#### [AIM OF THE EXERCISE]
In the material below, the lines between the one holding "APM AVG-3512 manual" and the one holding "Need treatment nearby", inclusive, are to be set down word for word. Pictures stay out.

#### [EXERCISE DATA]
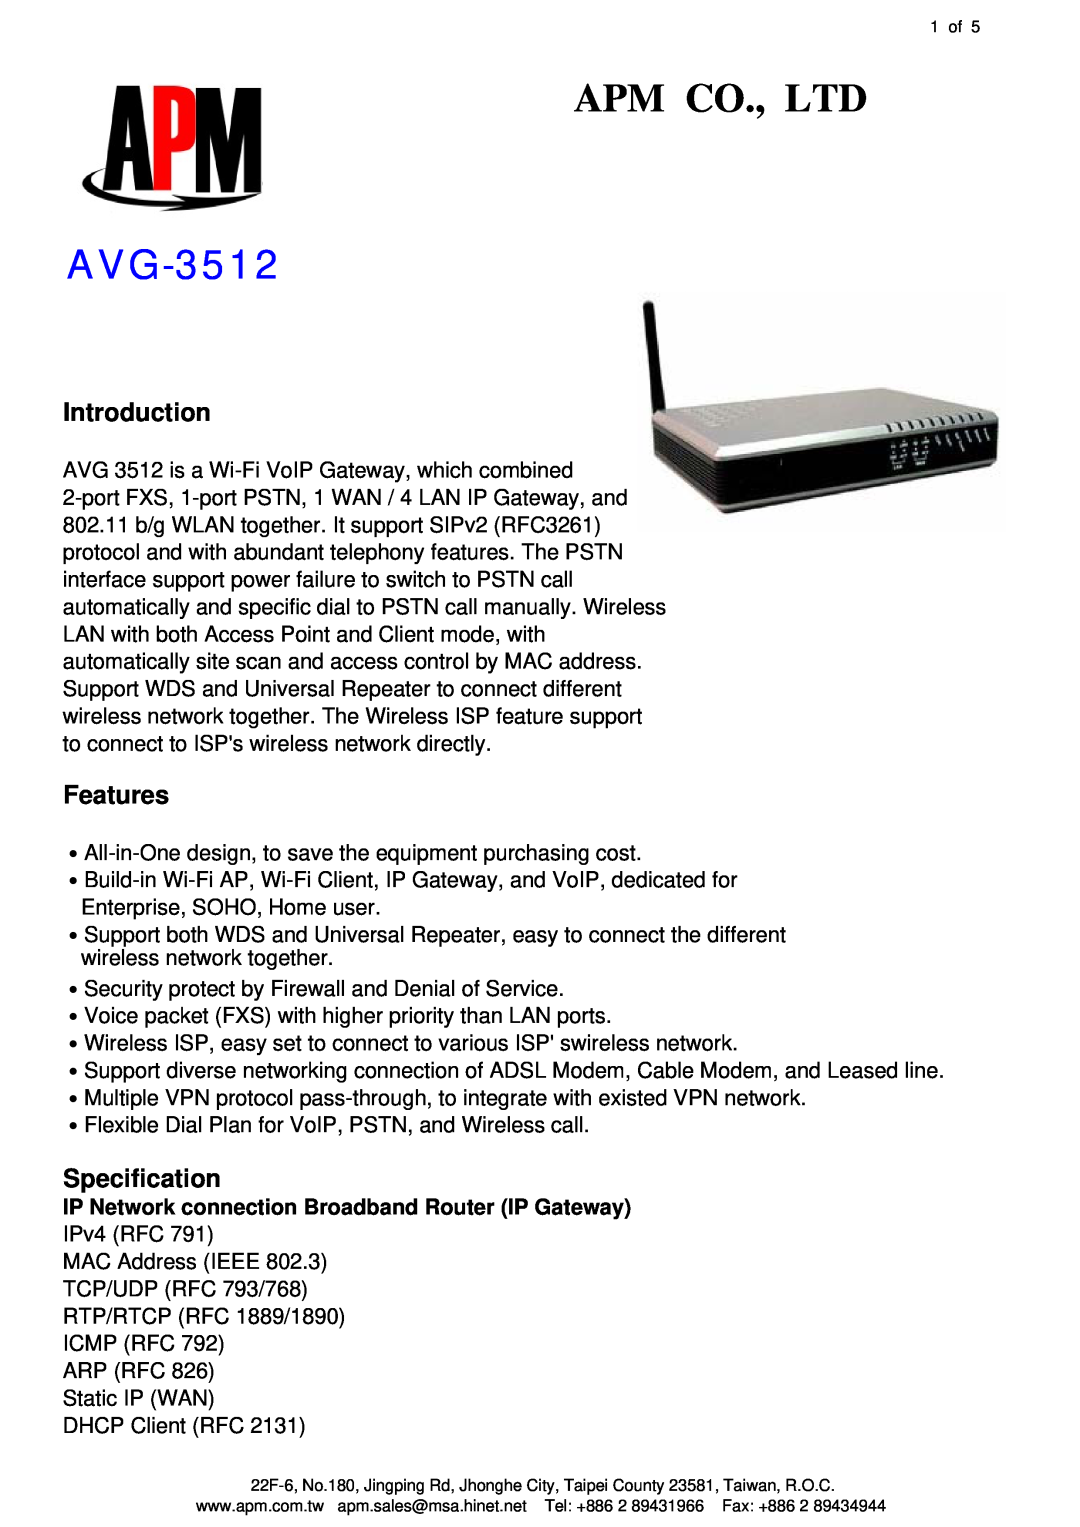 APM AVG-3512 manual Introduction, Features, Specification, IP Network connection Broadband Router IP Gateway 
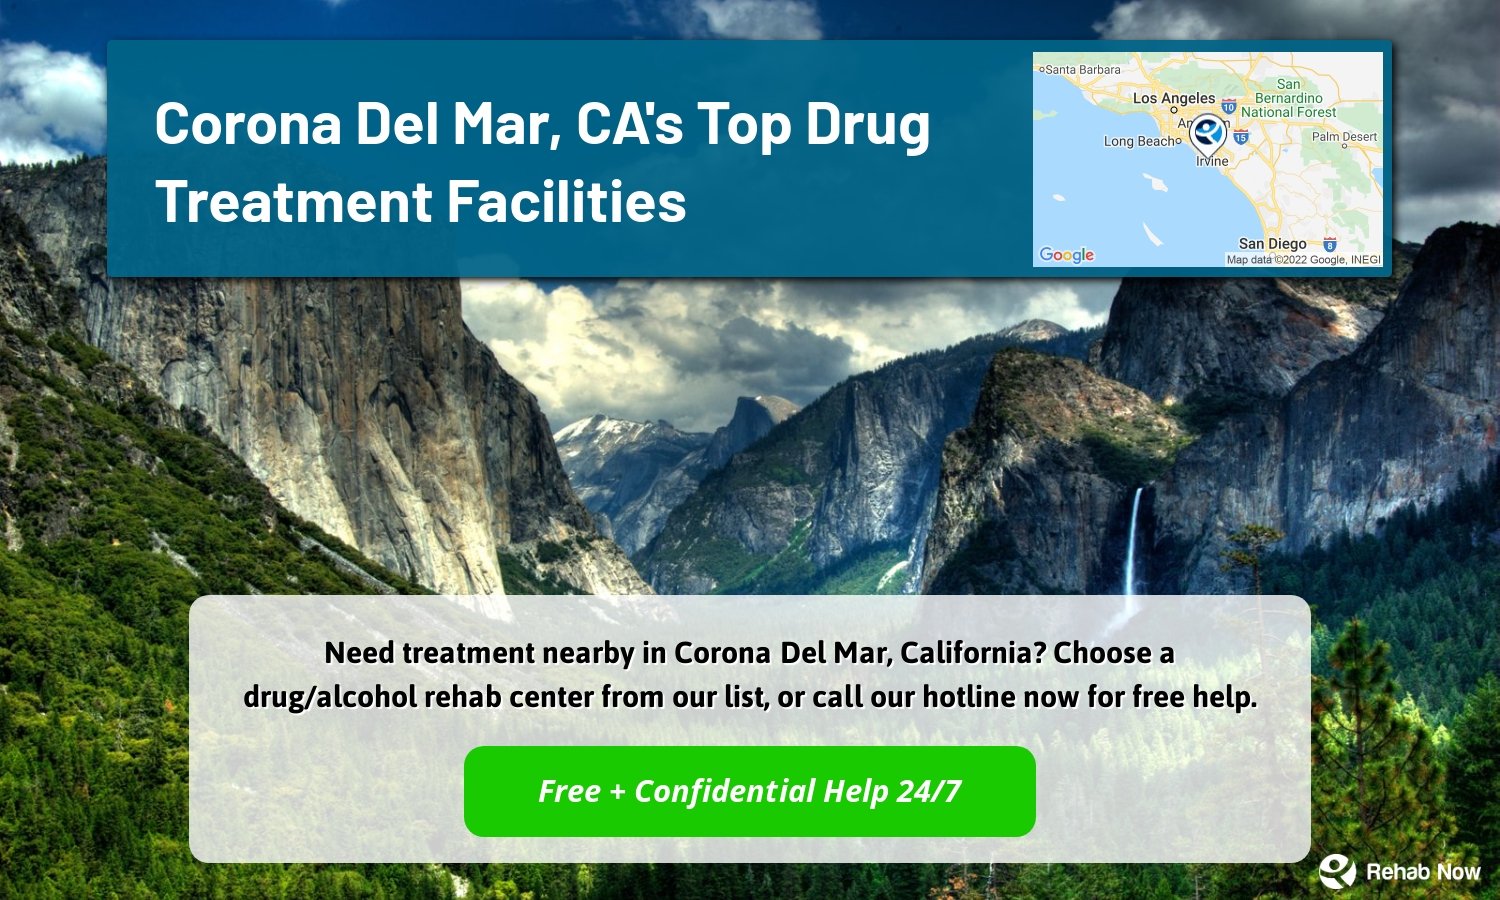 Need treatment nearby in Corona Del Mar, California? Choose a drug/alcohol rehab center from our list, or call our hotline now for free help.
==
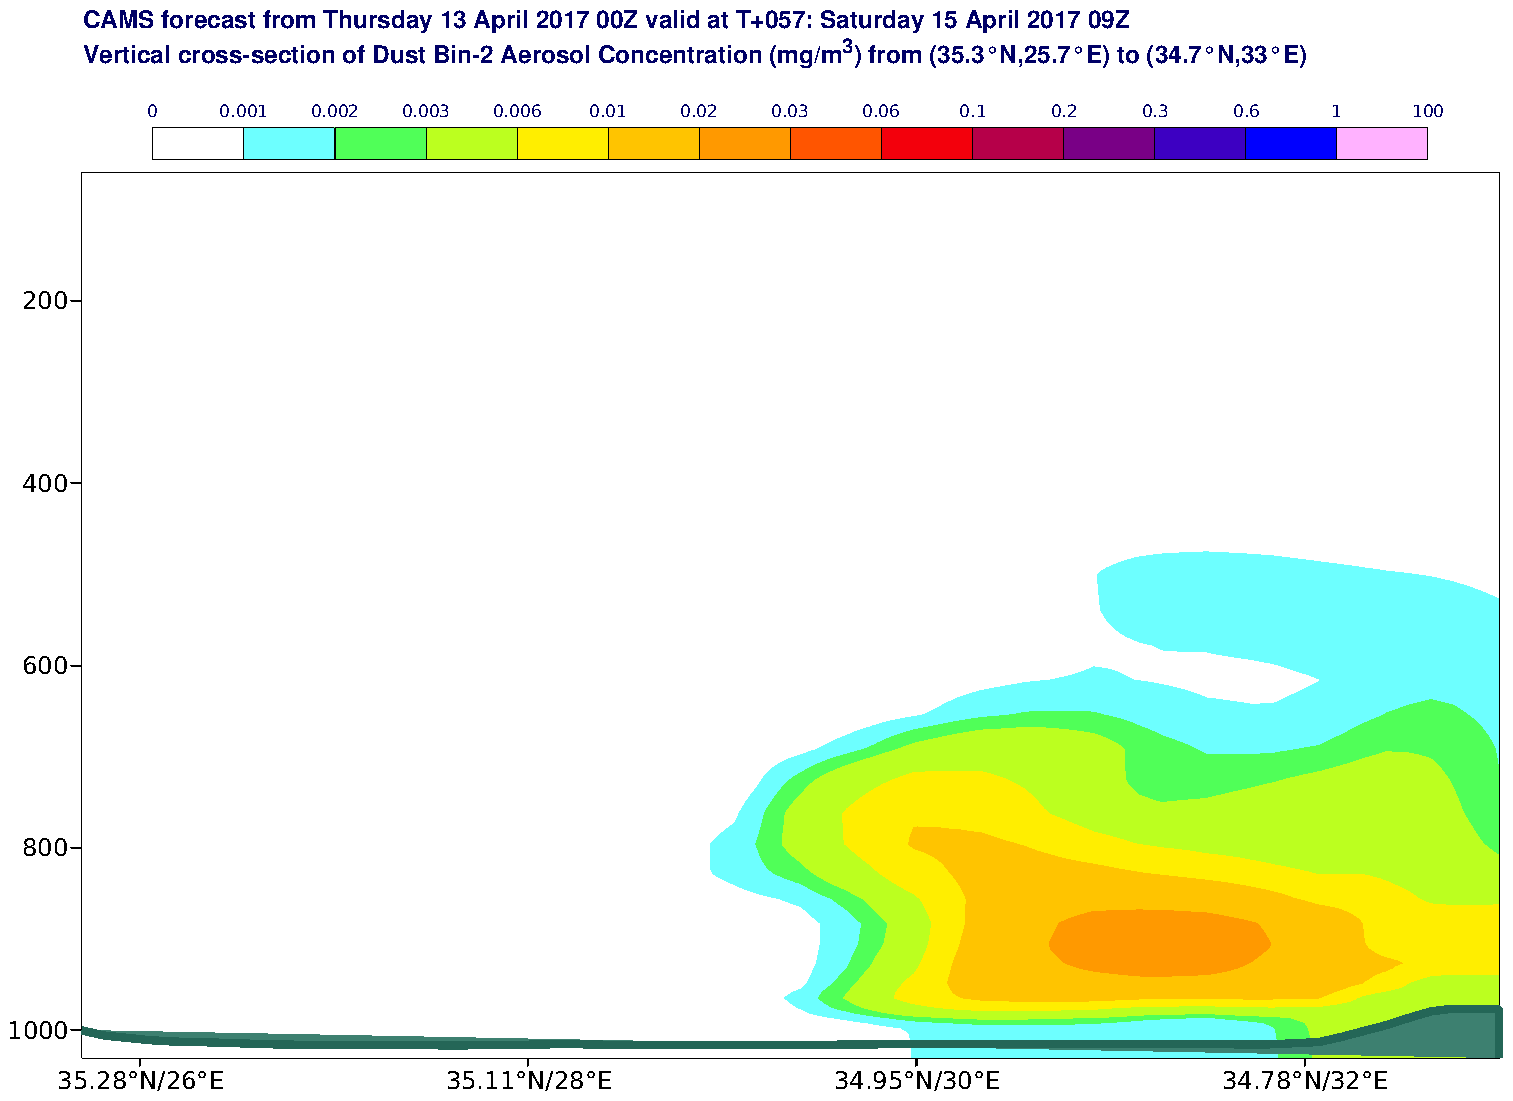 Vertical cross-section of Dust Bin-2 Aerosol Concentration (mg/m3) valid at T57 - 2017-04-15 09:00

#### [SOLUTION]
 APM AVG-3512 manual Introduction, Features, Specification, IP Network connection Broadband Router IP Gateway 
 Need treatment nearby in Corona Del Mar, California? Choose a drug/alcohol rehab center from our list, or call our hotline now for free help.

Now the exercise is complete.